On retrouve cette dialectique dans la représentation qu’ont les adultes des adolescents dans l’espace public, qui sont tour à tour « ange » ou « démon » (Valentine, 1996). S’intéressant aux rapports des enfants et jeunes à la rue, Hugh Mattews, Malanie Limb et Mark Taylor expliquent bien que cette double représentation des enfants dans la rue est associée à une distinction d’âge :

« On the one hand, moral panics have constructed images of public space as dangerous and unsafe, where young children are vulnerable […]. An alternative view relates to older children who are (re)defined as the problem. In this case, their visibility in public places is seen as discrepant and undesirable » (Matthews, Limb et Taylor, 2000, p. 63).
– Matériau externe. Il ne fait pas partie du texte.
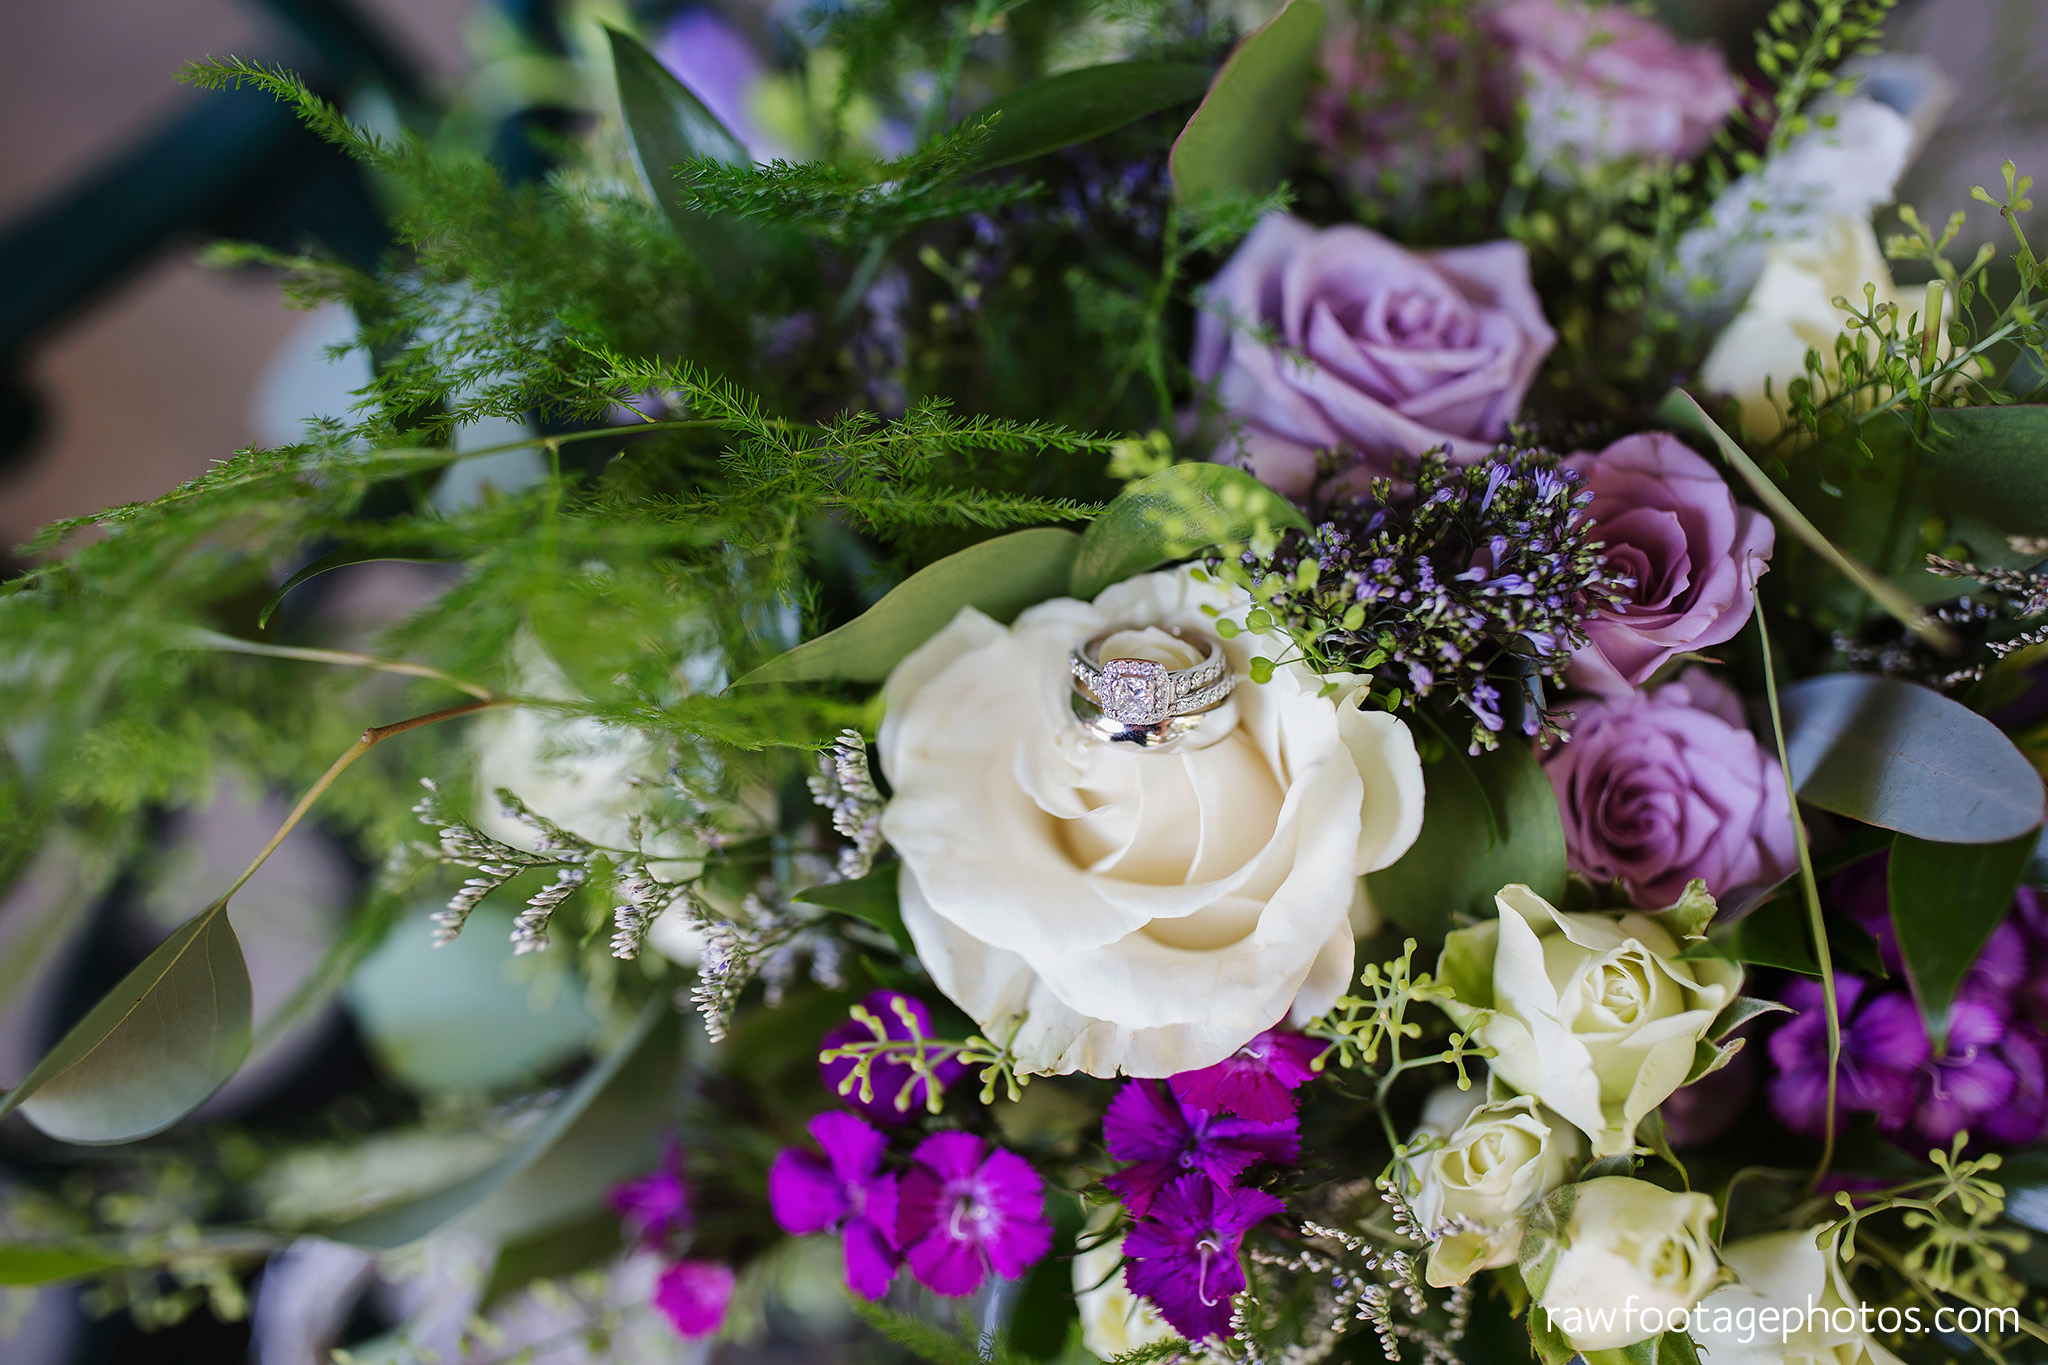 london_ontario_wedding_photographer-grand_bend_wedding_photographer-oakwood_resort_wedding-beach_wedding-sunset_wedding-raw_footage_photography013.jpg

Il est intéressant de noter que ces deux conceptions de l’enfant, rattachées à l’espace public, rejoignent la dialectique de l’enfance coupable et de l’enfance victime, dont on a vu qu’elle était au fondement de la Protection de l’enfance. Pouvant être située d’un côté ou de l’autre de ce dyptique, la présence des adolescents dans l’espace public entraîne donc des réactions ambivalentes.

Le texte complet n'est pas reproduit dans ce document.